Light-Emitting Diodes (LED): A light source that uses the luminescence phenomenon that occurs when voltage is applied to a semiconductor.
 
Exciton: The pair that is formed when electrons and holes are bound to each other by the electrostatic Coulomb force is called an exciton. When electrons and holes combine with excitons, light is emitted. In order to increase the light-emitting efficiency of the luminous body, it is important to implement high exciton binding energy and to prevent the excitons in the luminous body from dissociating by removing defects that exist around them.
 
Defect: The energy level in the bandgap that occurs due to the loss of atoms in the regular crystal structure within a material. If there is a corresponding level, the electrons cannot recombine with the holes and are trapped in the corresponding level, thereby reducing the luminous efficiency of the luminous device.
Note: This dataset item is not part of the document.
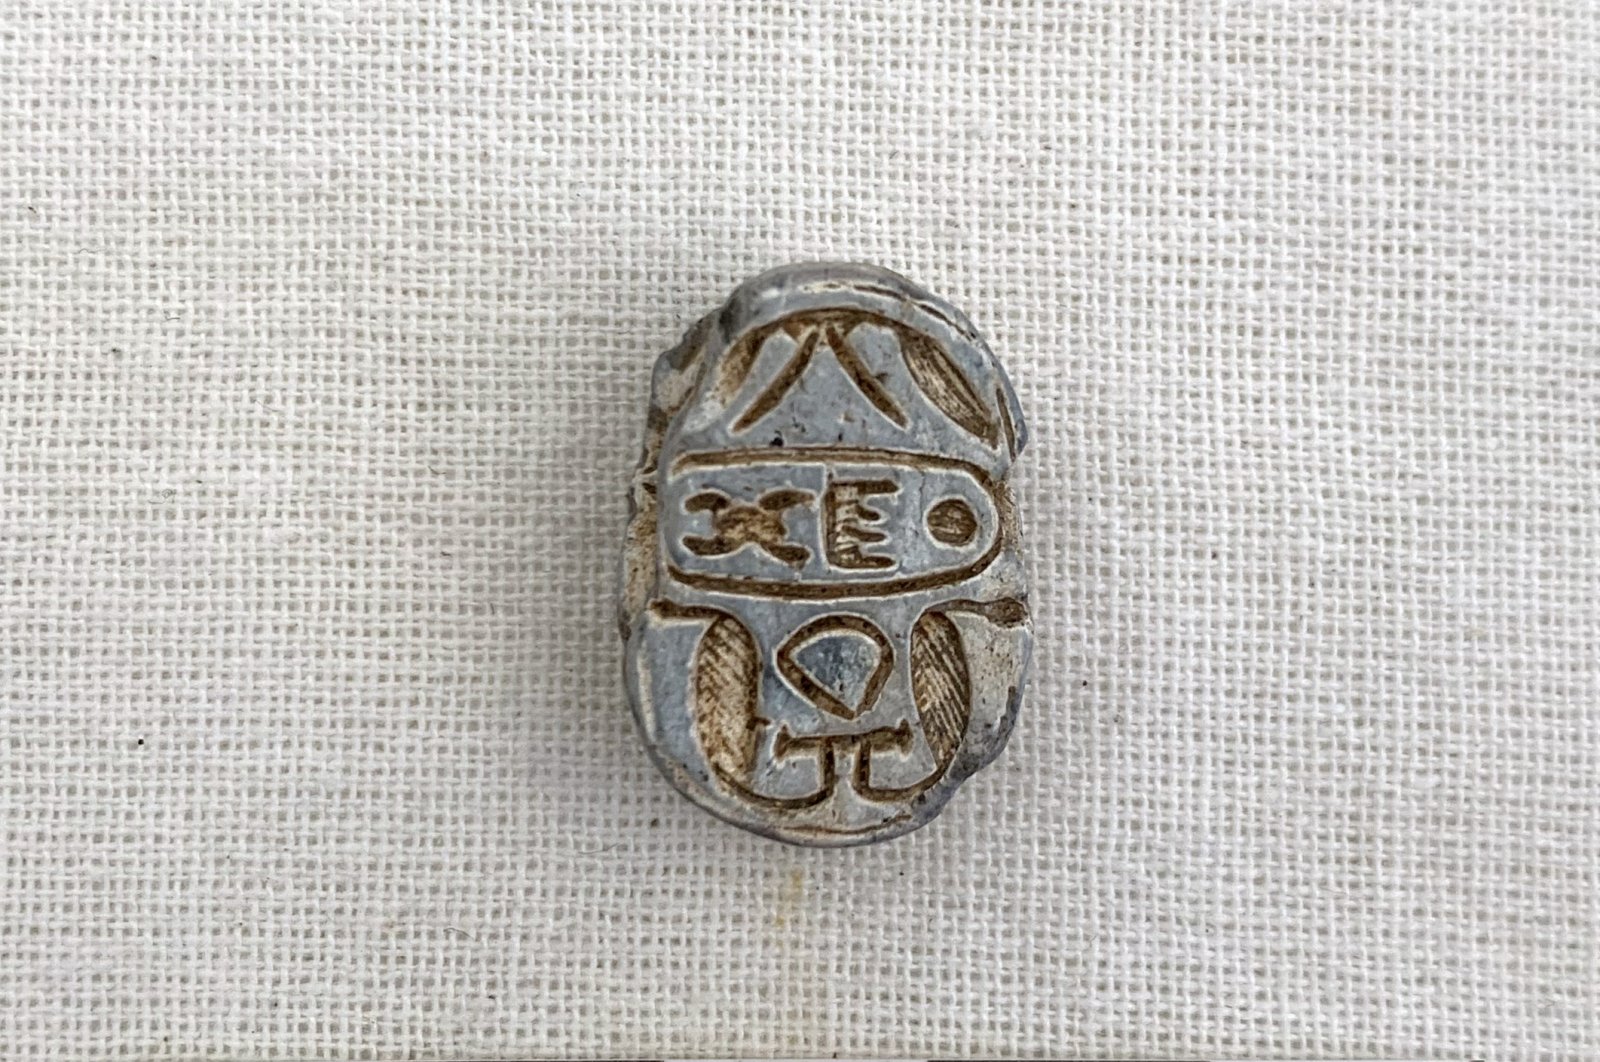 Ученые нашли уникальную египетскую печать с загадочными символами (фото)

Therefore, in order to have a luminous device with high light-emitting efficiency, it is necessary to prevent the formation of defects and control the formed defects.
 
External Quantum Efficiency (EQE): One of the representative efficiencies that indicate the performance of a light-emitting device. It is measured as the ratio of photons emitted to the number of injected electrons. The unit is %.
 
Current Efficiency: One of the representative efficiencies that indicate the performance of a light-emitting device. It is expressed as a device's luminance compared to its applied current density. The unit is cd/A.